Nigeria’s central bank has prohibited commercial banks from providing account services to crypto exchanges.
The Central Bank of Nigeria has placed a ban on all regulated financial institutions from providing services to crypto exchanges in the country.
The prohibition was found in a round issued by the CBN on Friday. Based on the central bank’s notice, the ruling is an expansion of earlier warnings from the lender in regards to the risks connected with virtual currencies.
Included in the ban, the CBN has directed all commercial banks to close accounts owned by crypto exchanges in addition to other businesses transacting in cryptocurrencies in the country.
The CBN also warned of stiff penalties to any bank or financial institution that doesn’t adhere to the directive.

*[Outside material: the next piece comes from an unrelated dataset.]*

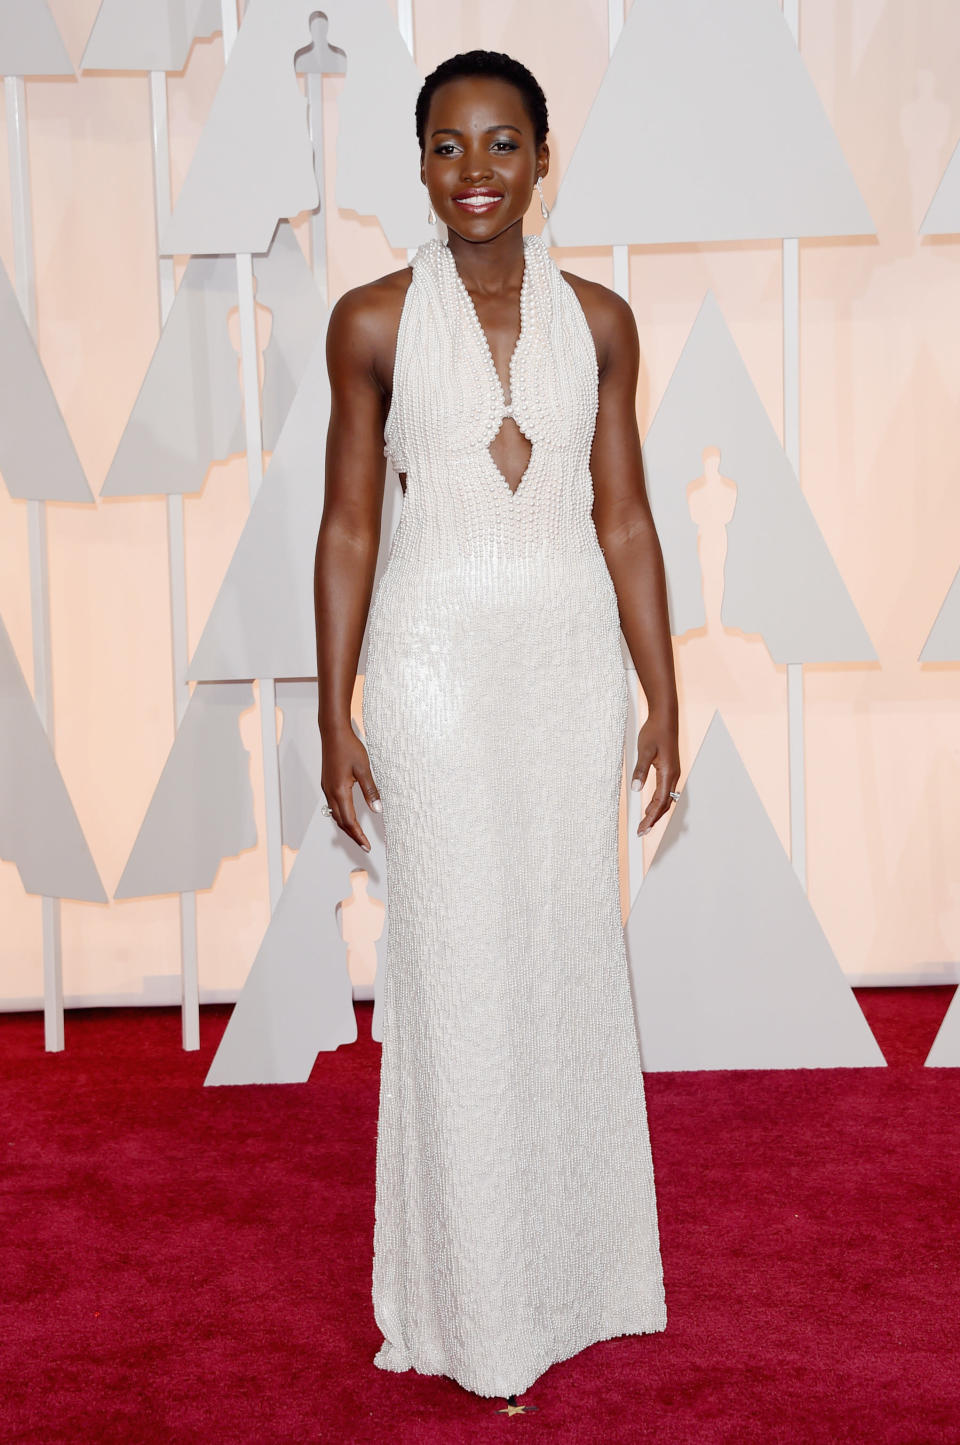 Lupita wearing a gown of all white pearls

Nigeria’s central bank didn’t respond immediately to Cointelegraph’s request for comments on the issue. However, in a prior bit of correspondence, Osita Nwanisobi, acting director of the CBN’s communications department told Cointelegraph that commercial banks had previously been warned to not be involved in the crypto market.
While cryptos have already been popular in Nigeria, virtual currencies arrived to national consciousness amid the protests against police brutality in October 2020.

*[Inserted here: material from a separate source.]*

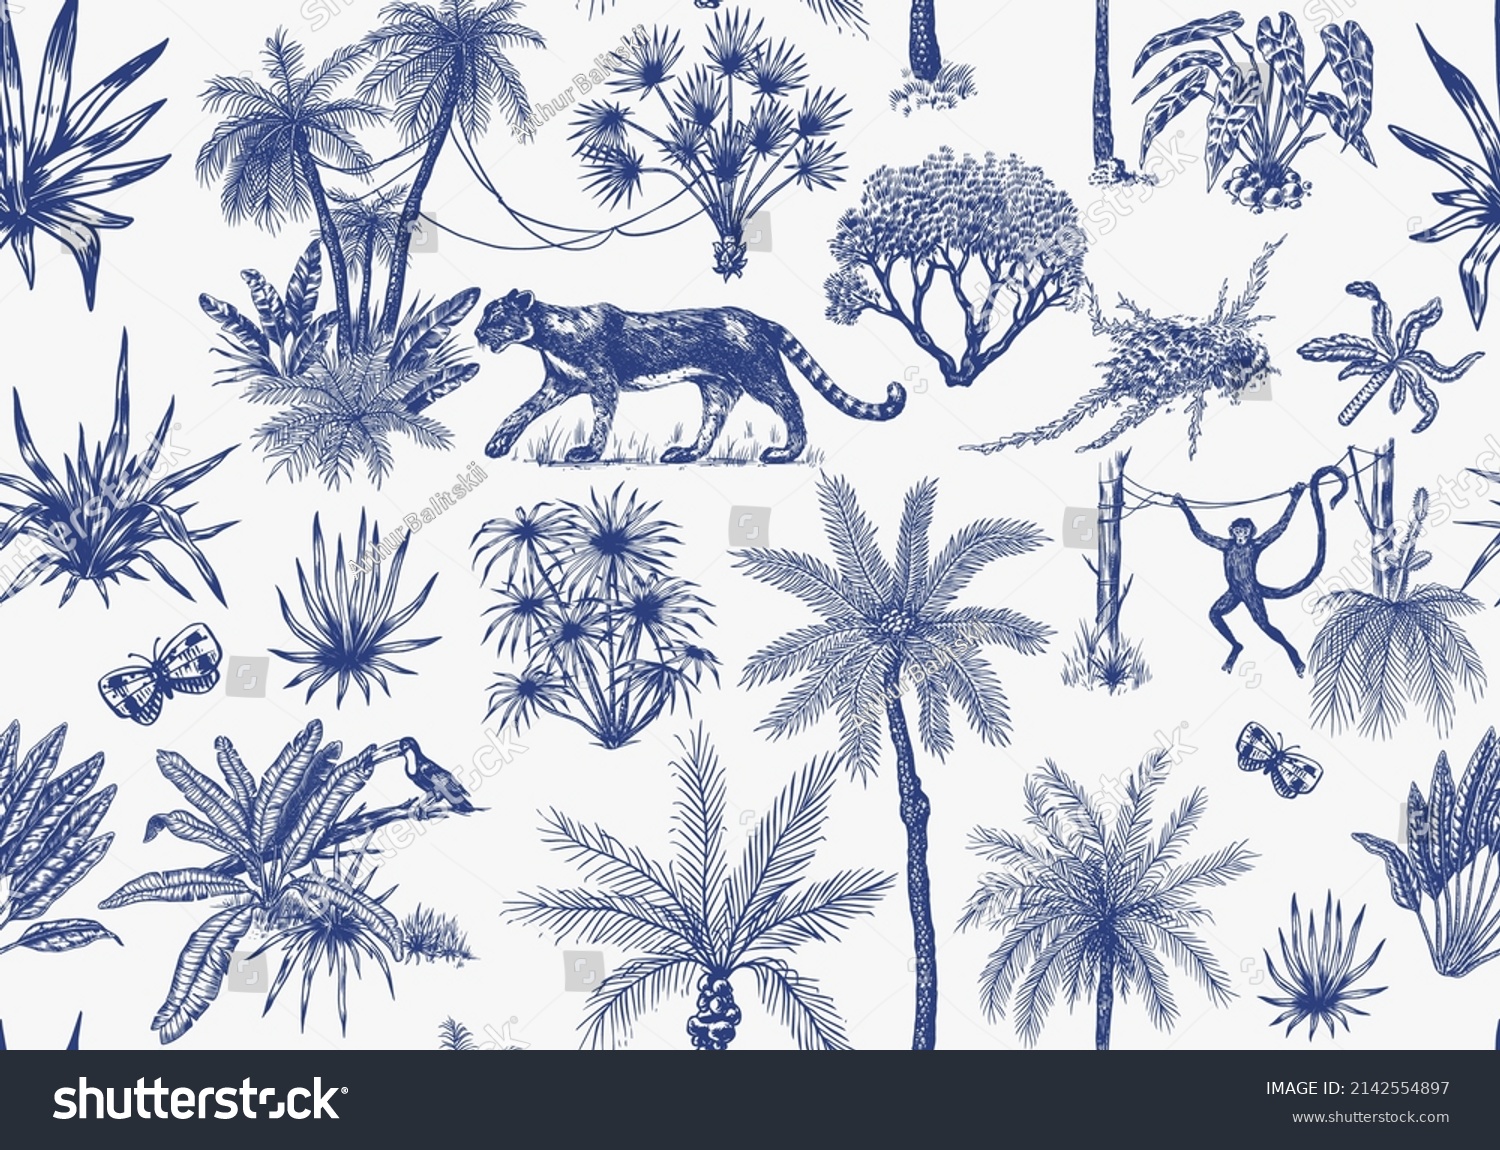 Toile De Jouy banner. Wild tiger and exotic plants. Seamless pattern. Toucan bird and monkey. Exotic Tropical trees. Eastern landscape. Linear Jungle. Hand drawn sketch in vintage style. #2142554897

During the time, the central bank ordered the suspension of bank accounts owned by supporters of the ENDSARS movement prompting a move to Bitcoin (BTC) and crypto donations.
As previously reported by ooduarere, Bitcoin adoption in Nigeria continues to increase. By data from Google Trends, Nigeria is still number 1 on the planet with regards to search interest for Bitcoin.
The CBN’s ban can also be similar to those things taken by its Indian counterpart, the Reserve Bank of India, back 2018. 2 yrs later, India’s Supreme Court reversed the order.
In addition to the CBN ban, the only real other crypto-related regulatory news ahead out of Nigeria was back September 2020. During the time, the Nigerian Securities and Exchange Commission recognized crypto as securities with plans to formulate a concrete legal framework for digital assets.